Melissa Upreti (born 1969) is a Nepalese lawyer and human rights expert who was the founding attorney and regional director of the Center for Reproductive Rights' Asia program. She is the Senior Director of Program and Global Advocacy at the Center for Women's Global Leadership at Rutgers University and a member of the United Nations Working Group on Discrimination against Women and Girls.

Upreti is a Nepalese citizen born in the United Kingdom. She has a law degree from Nepal and an LL.M. from Columbia Law School. She is a fellow of the University of Toronto Law Faculty's International Reproductive and Sexual Health Law Program. She was a co-petitioner in the case Lakshmi Dhikta v Nepal, which recognised access to abortion as a constitutionally protected right in Nepal.
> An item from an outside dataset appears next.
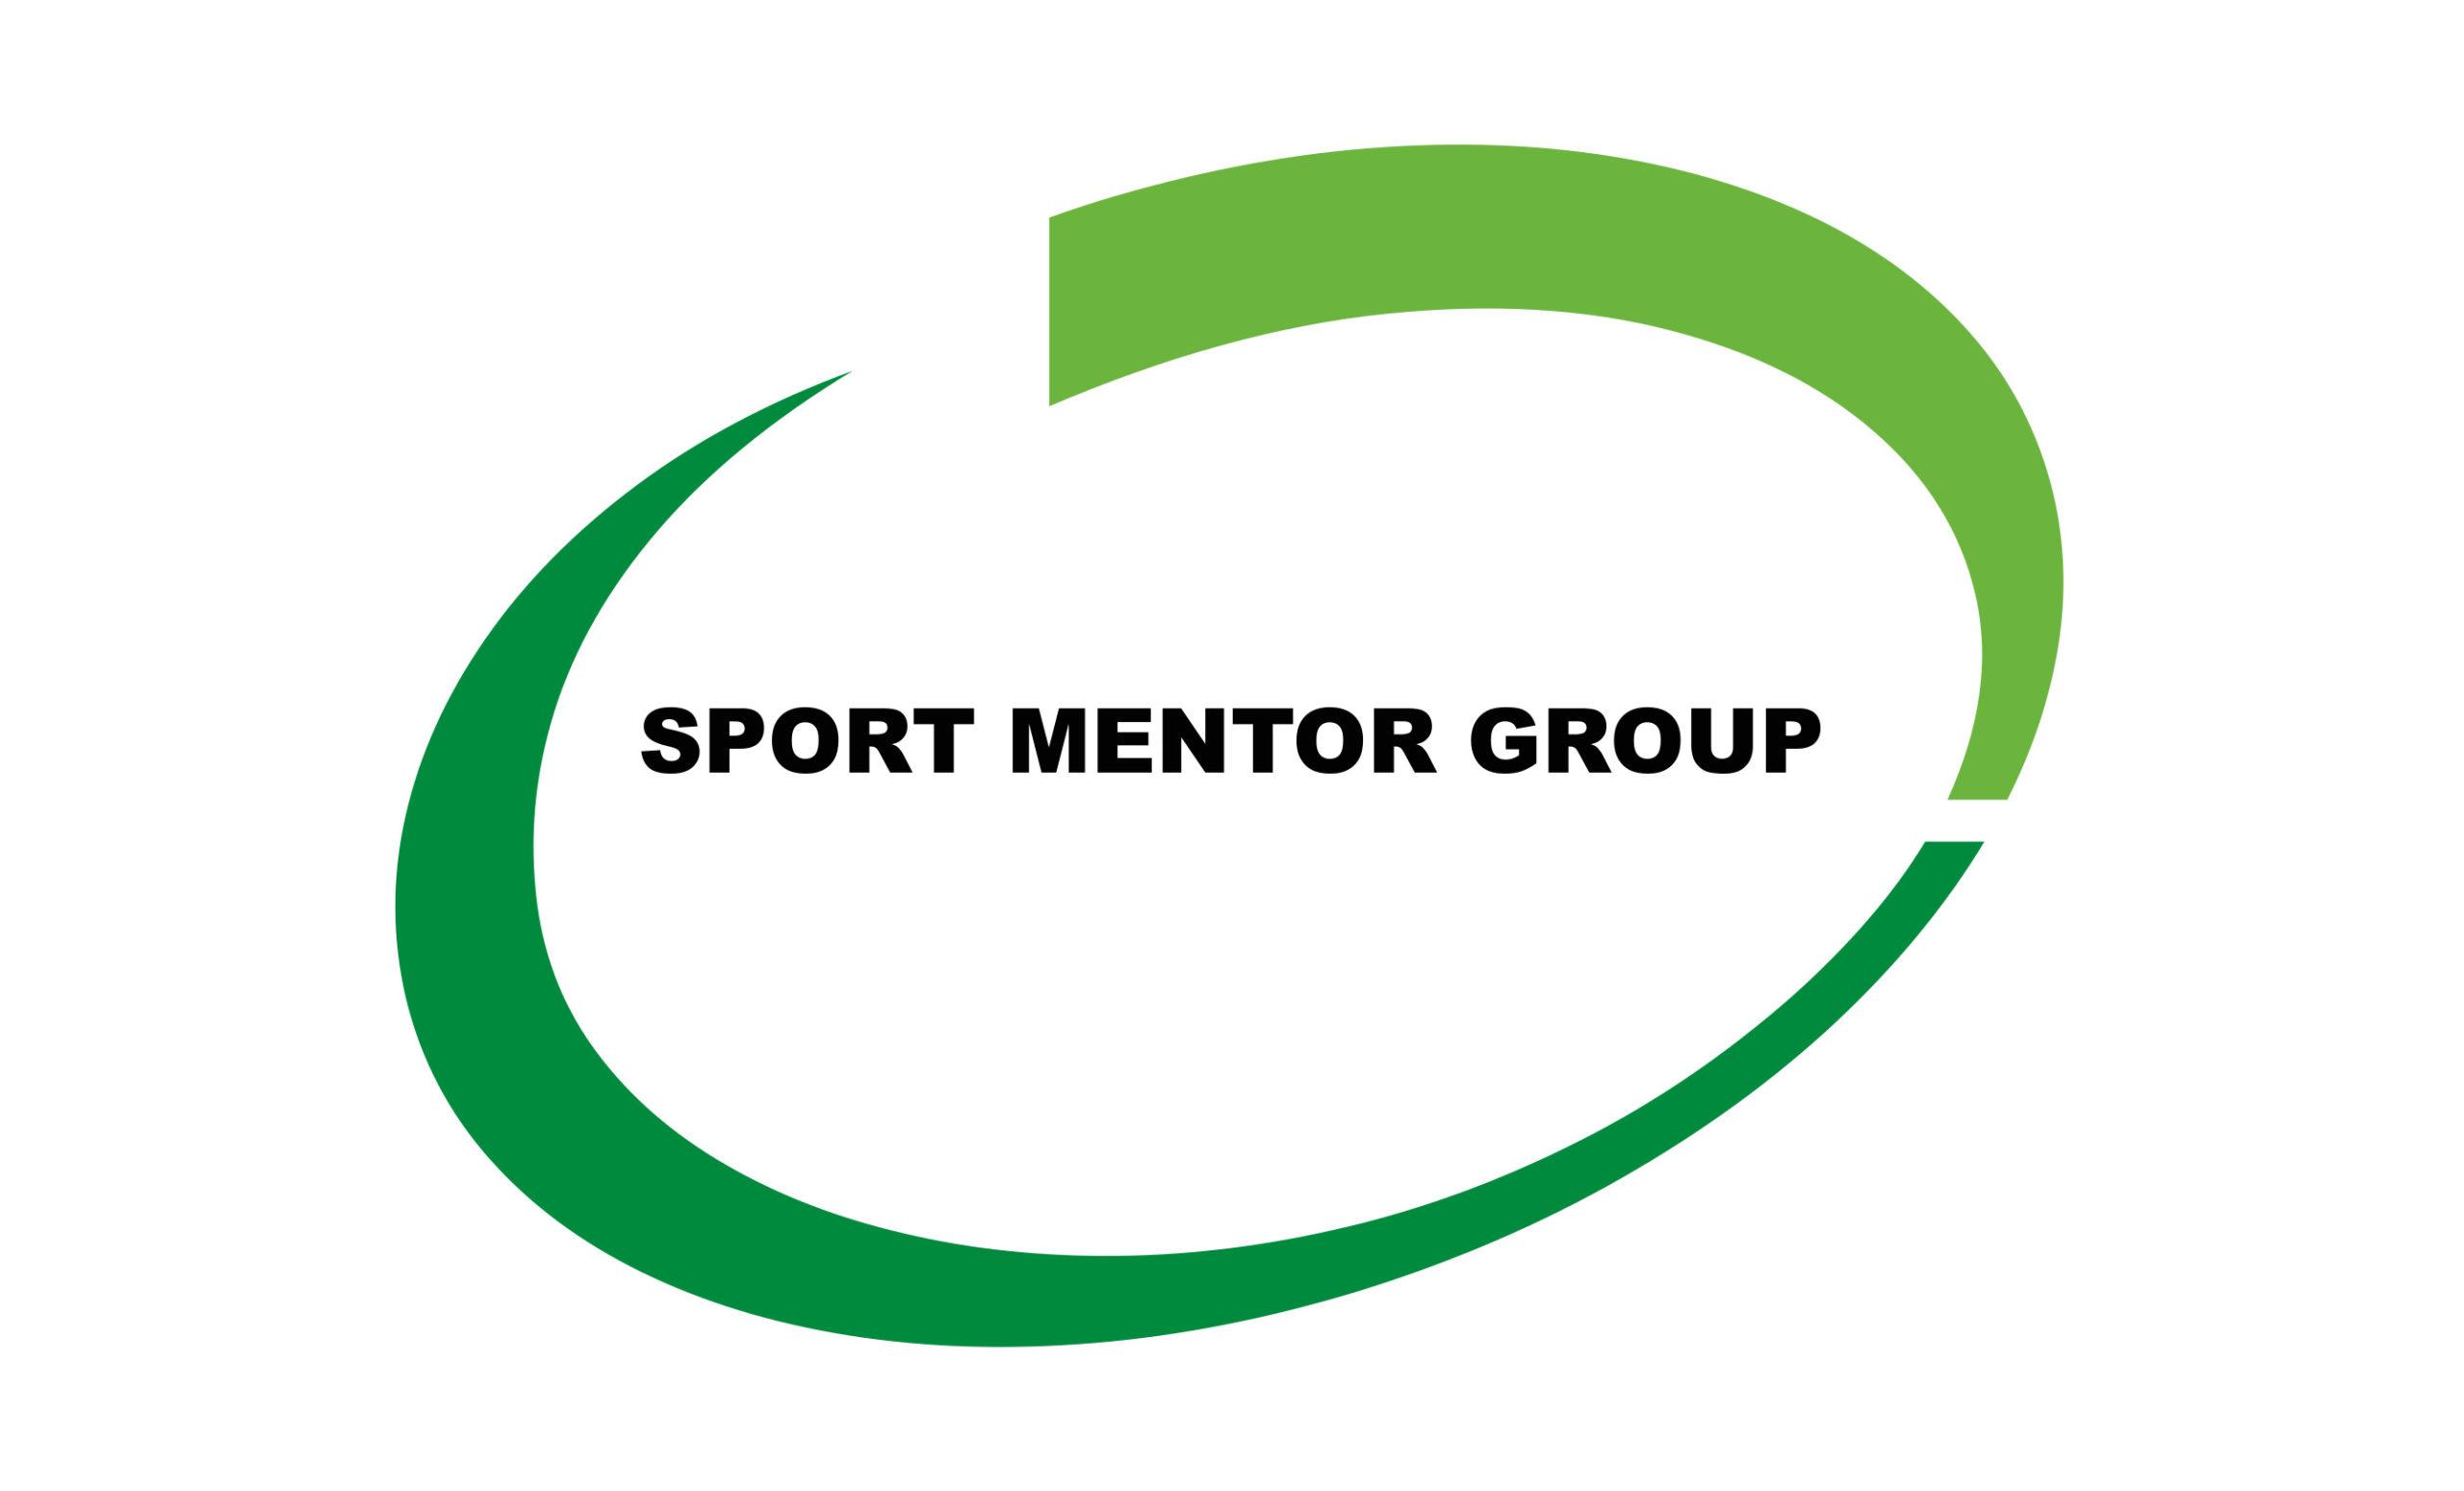 sport mentor group

Upreti has written extensively on reproductive rights.

==Selected publications==
- Upreti, Melissa (2002). "Abortion in Nepal: Women Imprisoned"
- Upreti, Melissa (2004). "Women of the World: Laws and Policies Affecting Their Reproductive Lives, South Asia"
- Bogecho, Dina (2006). "The Global Gag Rule: An Antithesis to the Rights-Based Approach to Health"
- Upreti, M. (2014). "Abortion law reform in Nepal"
- Upreti, Melissa (2014). "Abortion Law in Transnational Perspective: Cases and Controversies"
- Upreti, Melissa (2014). "Global Lockdown: Race, Gender, and the Prison-Industrial Complex"
- Upreti, Melissa (2015). "Miscarriage of justice"
- Upreti, Melissa (2016). "India Holding Women Hostage to Unwanted Pregnancies"
- Upreti, Melissa (2018). "The Philippines' new postabortion care policy"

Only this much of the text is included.